There will be only two ways we can pay off that debt. One is to grow our way out of it and, at the same time, have the politicians stop spending our money. That is apparently, not going to happen. The other way is through hyperinflation.

If you borrowed 100 dollars 20 years ago and had to pay it off today, no big deal right? back then you could have dinner and a movie for 2 for around 25 bucks. Today it's about $75-100 . That's mild inflation. With hyperinflation, foreign creditors would be lucky to receive 10 cents on the dollar, return on investment.

Will hyperinflation happen?

I believe it is already a done deal.

Bernanke has stated that he will print his way out of a deflation, to whatever extent that is required. He is in the process of doing just that.

So where does all this leave us average Joe's and Josephine's? Out in the cold, unless, , ,

We buy real, tangible assets.

In addition to our core holdings of real gold and silver, held in our own possession, we should be acquiring food and energy related stocks, various mining companies as well as shares of companies that provide products, which will be required no matter what happens with the economy. These will hold their value as the dollar drops. The more indispensable the commodity, the more it will hold it's value.

The unbelievable part of all this is that these things are on sale right now.

Even small amounts of tangible stock can become very valuable in a hyper inflationary market.

I'm building that house brick by brick, as we speak.

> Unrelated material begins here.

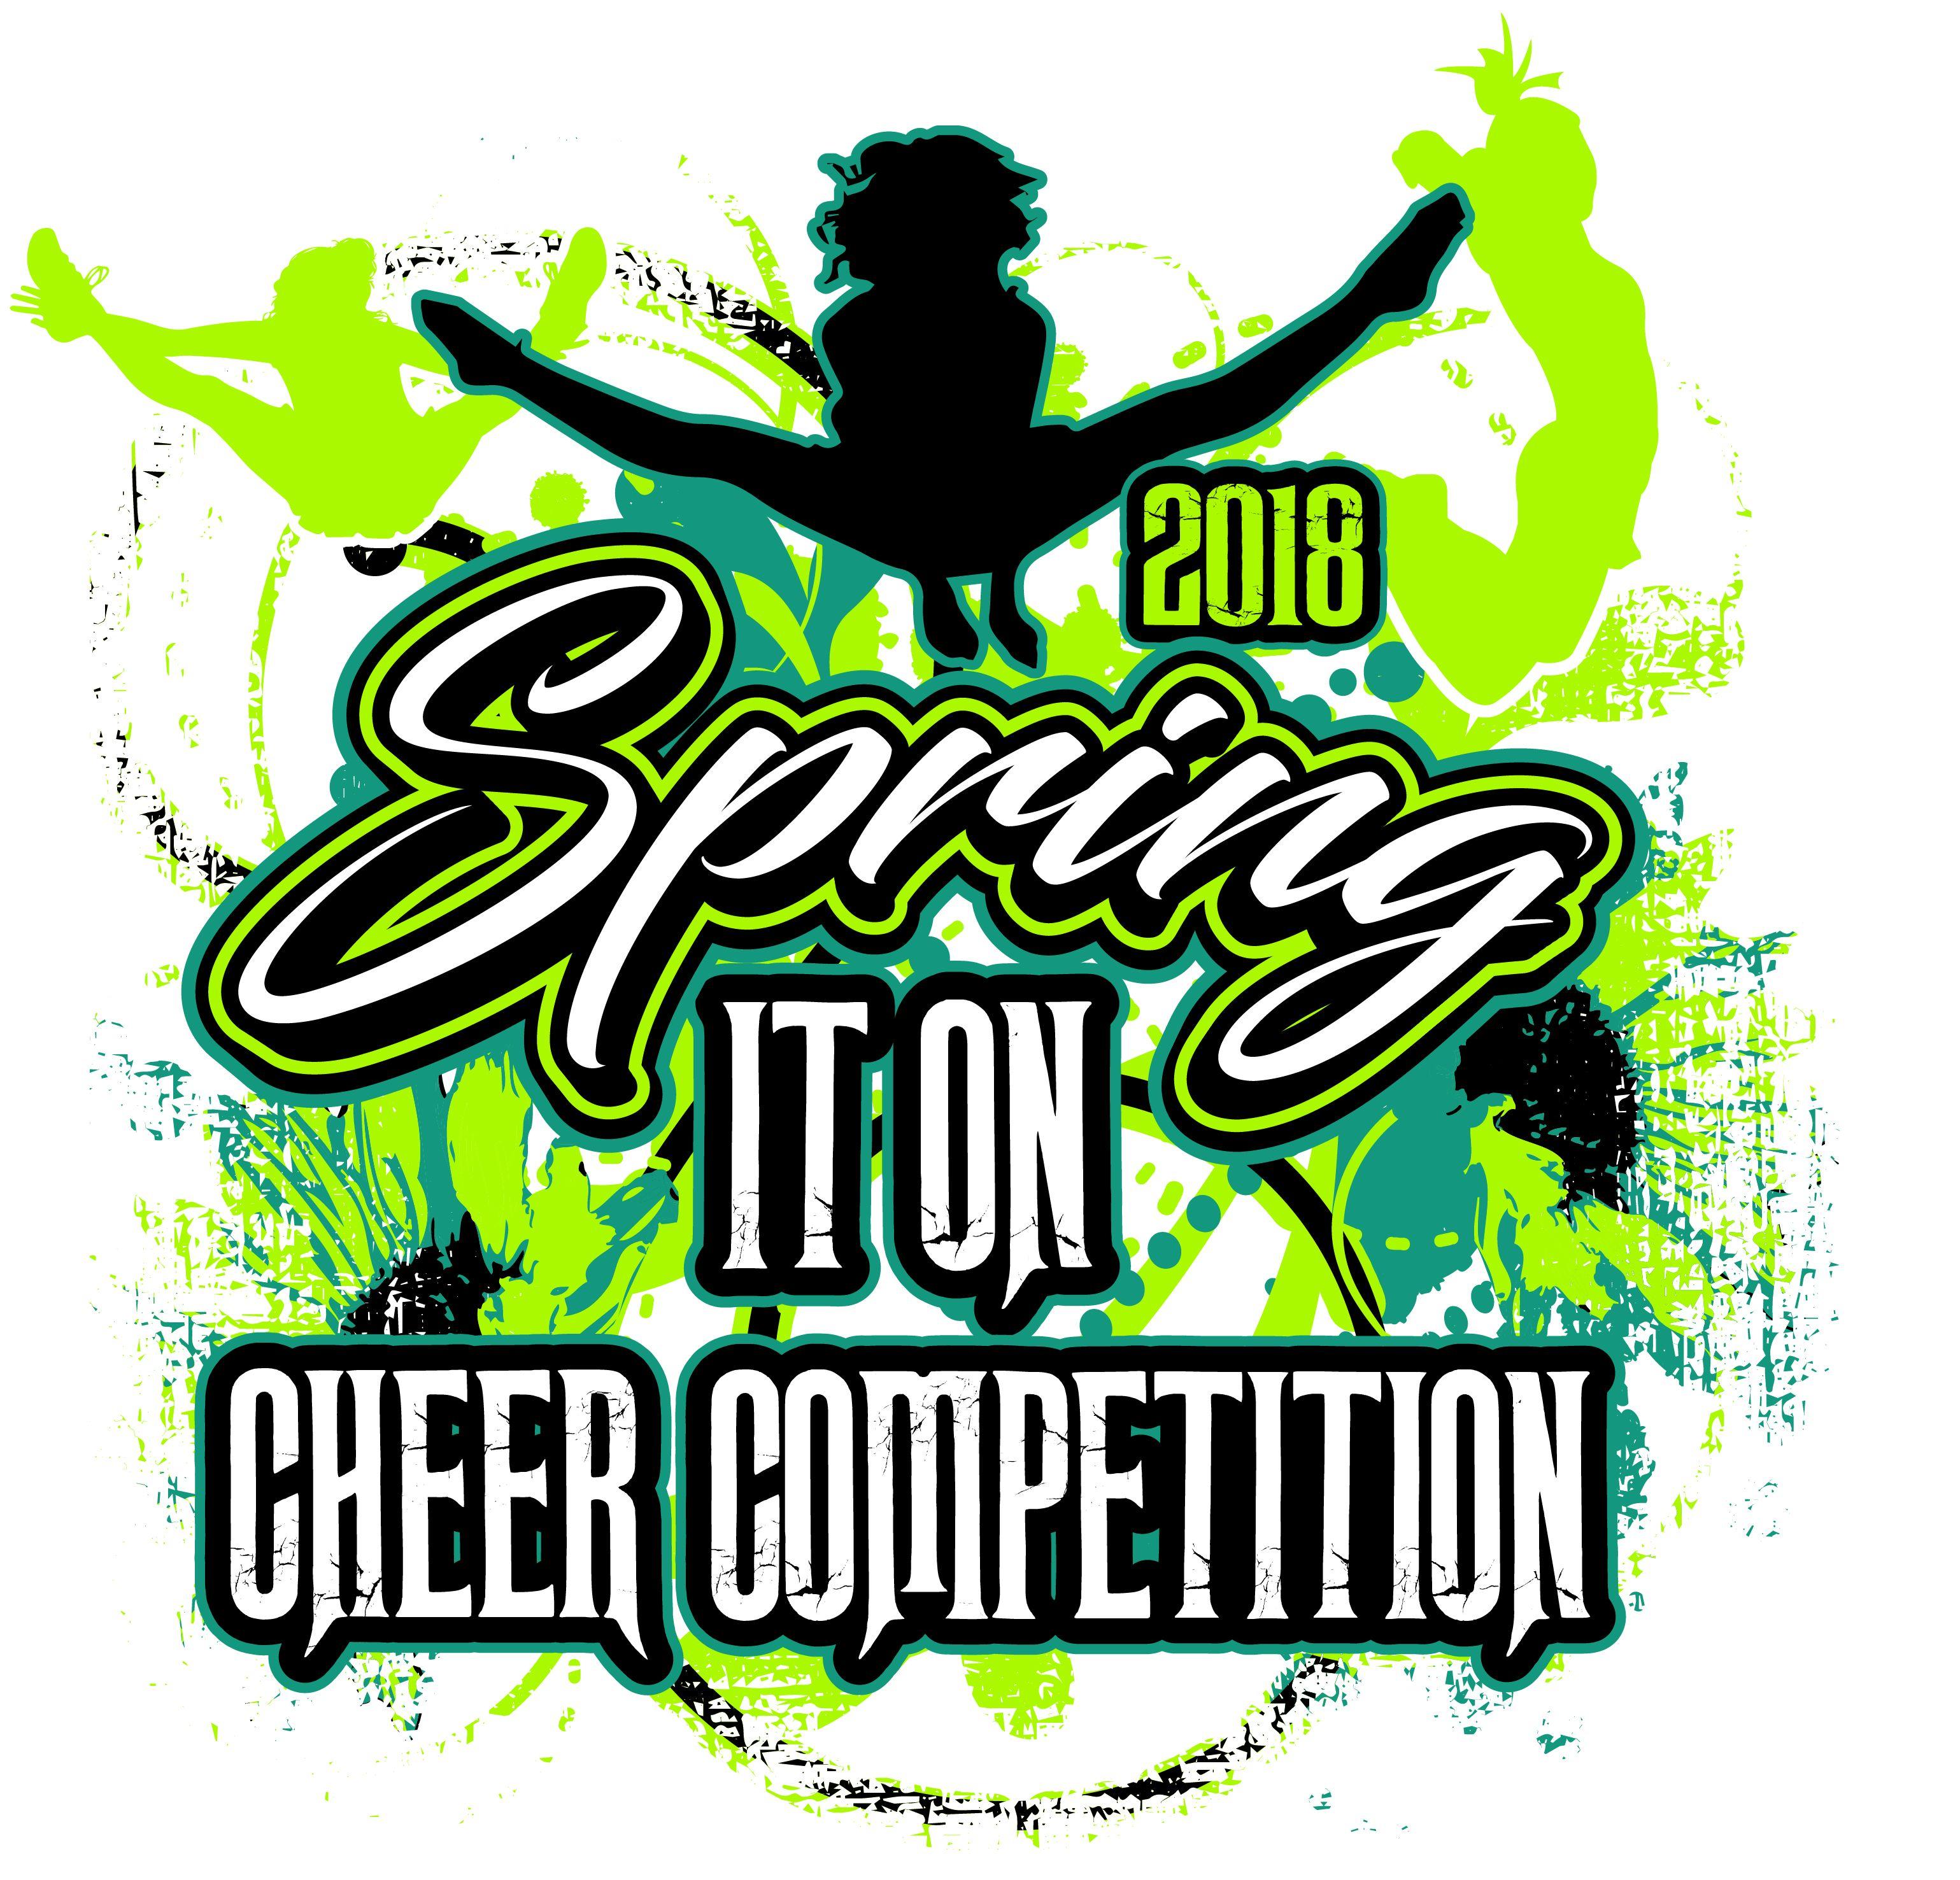 Google Competition 2018 Logo - SPRING IT ON CHEER COMPETITION 2018 t-shirt vector logo design for ...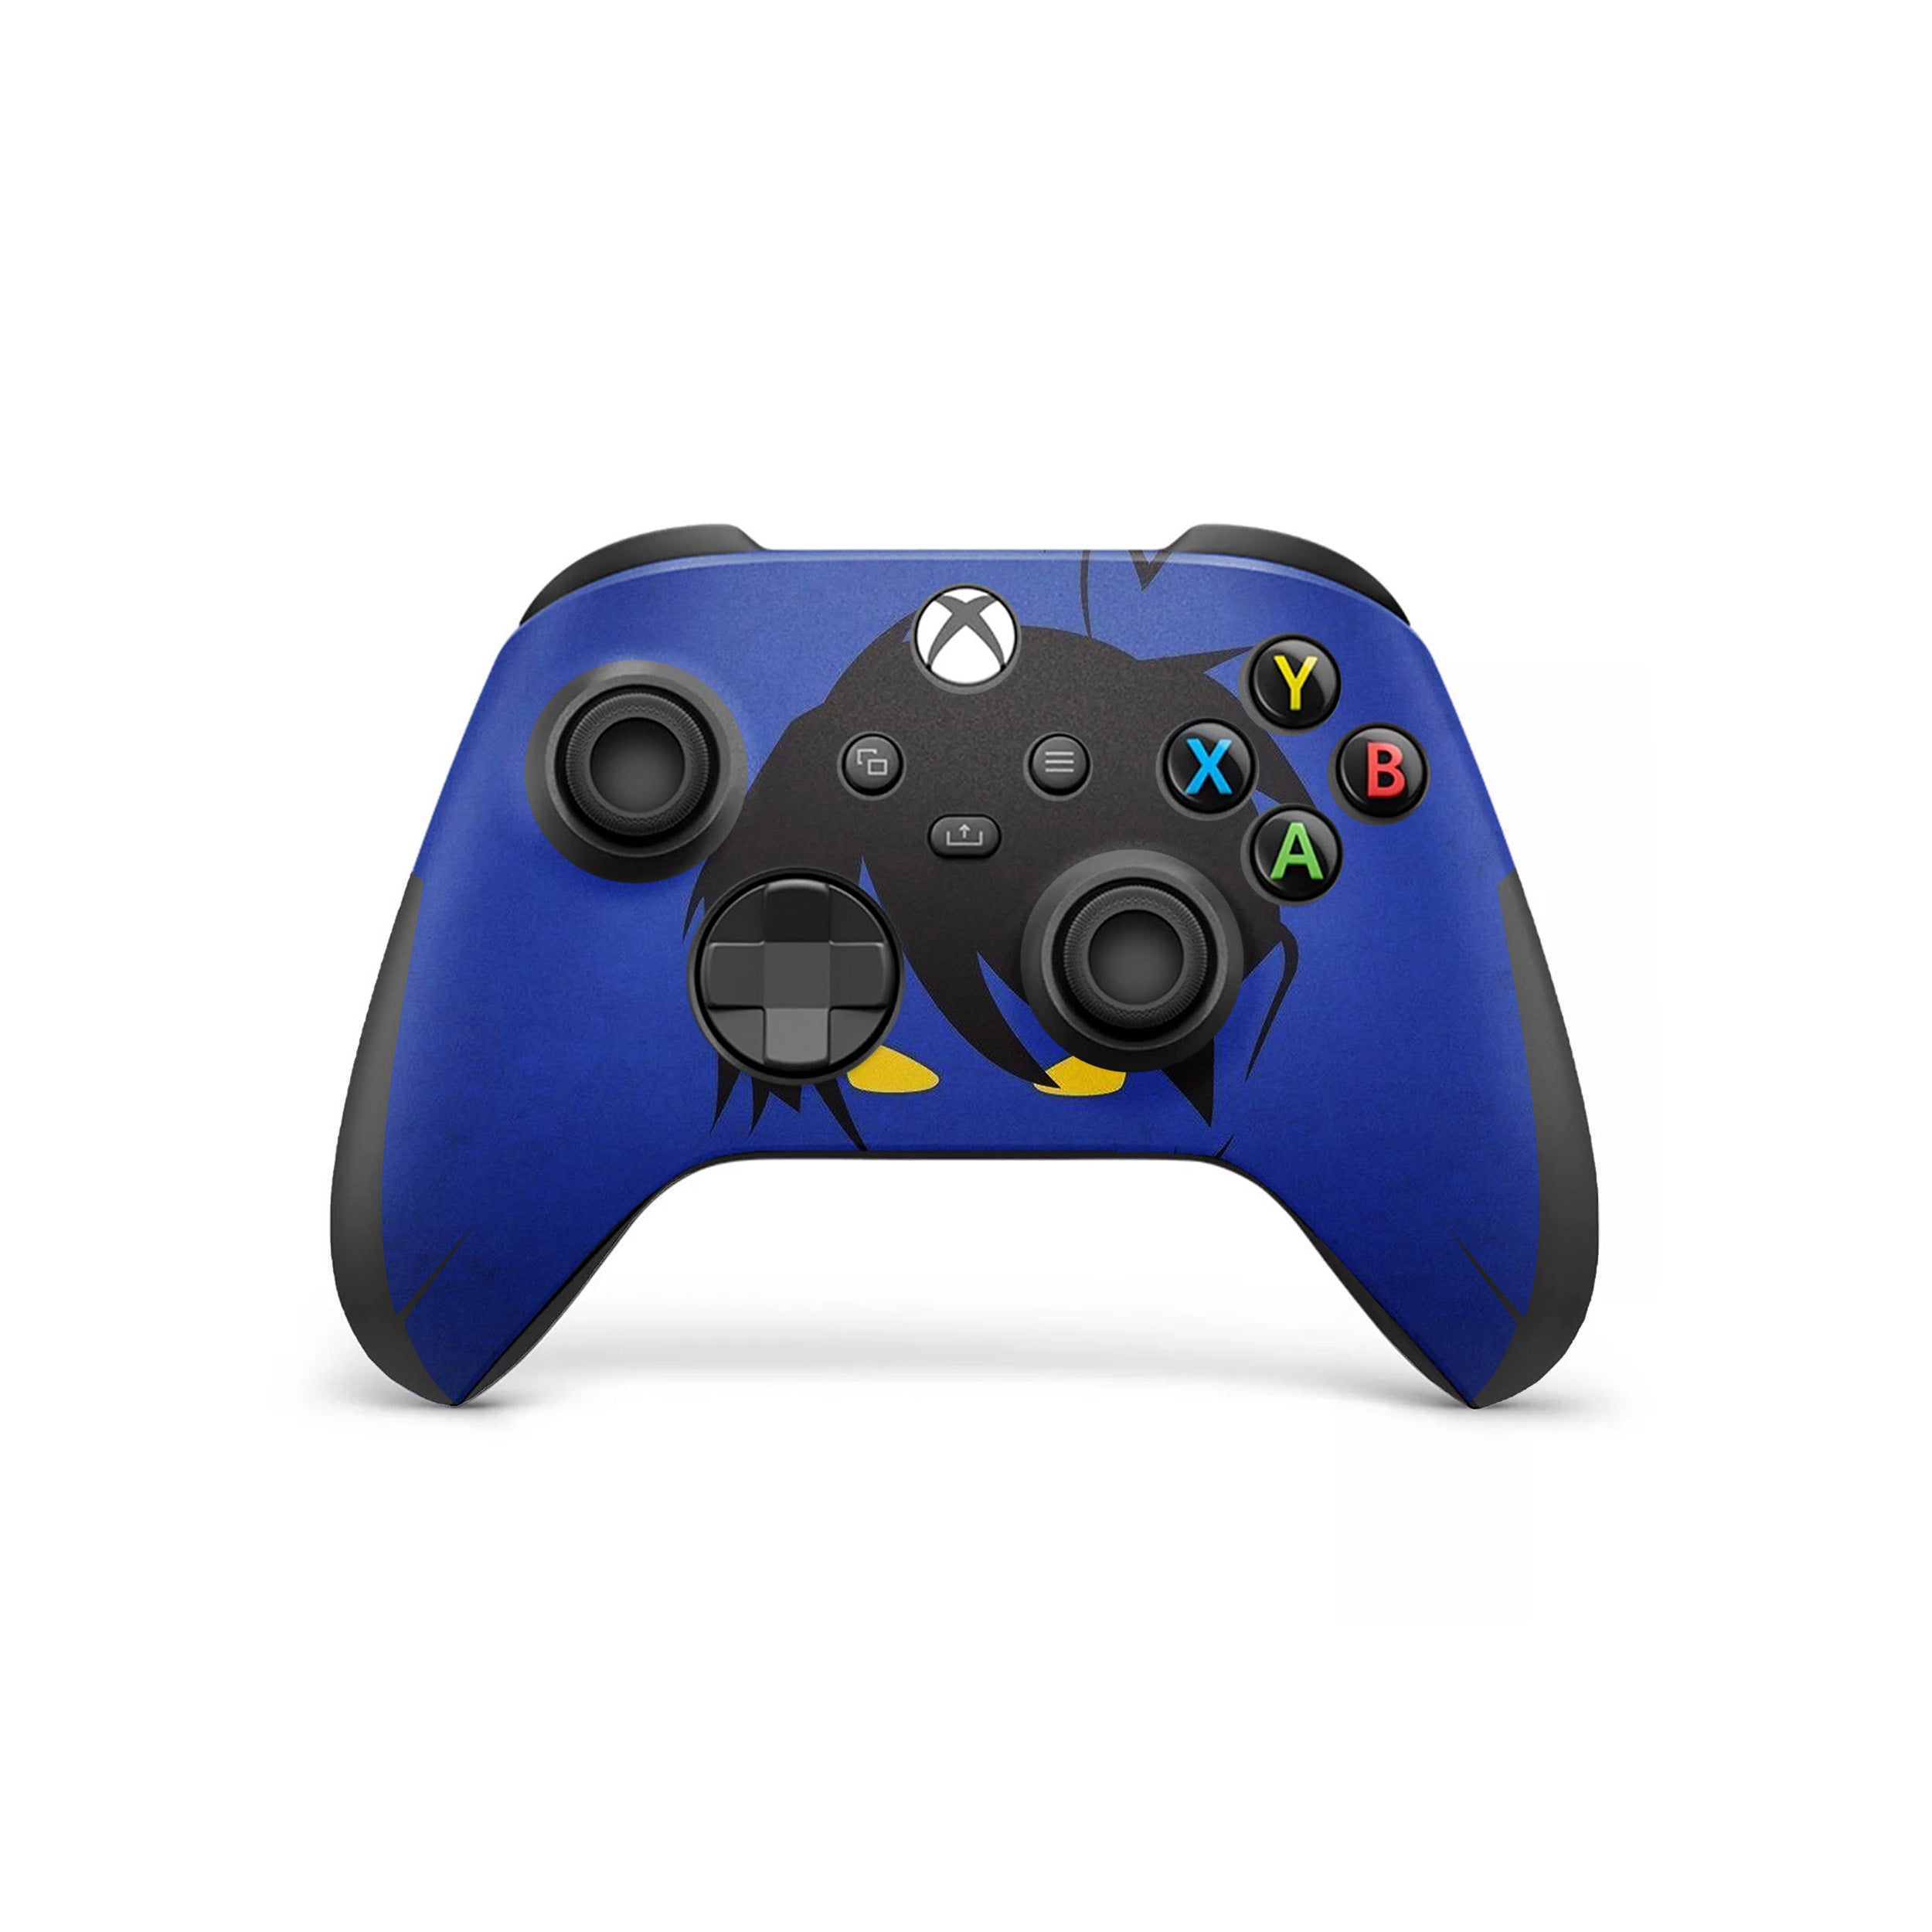 A video game skin featuring a Marvel X Men Nightcrawler design for the Xbox Wireless Controller.

Even if I'm wrong about all this, these sectors should, at the minimum, hold their value or return to it, first as the economy turns for the better.



Good luck and Godspeed



JT

Legal disclaimer: This post is for informational purposes only and is solely the opinion of the writer. Nothing in this post should be considered investment advice. Before investing in anything, the reader is encouraged to do his or her own research and consult with a certified financial advisor, which John Tompkins makes no claim to be. John Tompkins and Toro Creek Investments accept no liability for financial losses or damages incurred by the reader because of this post.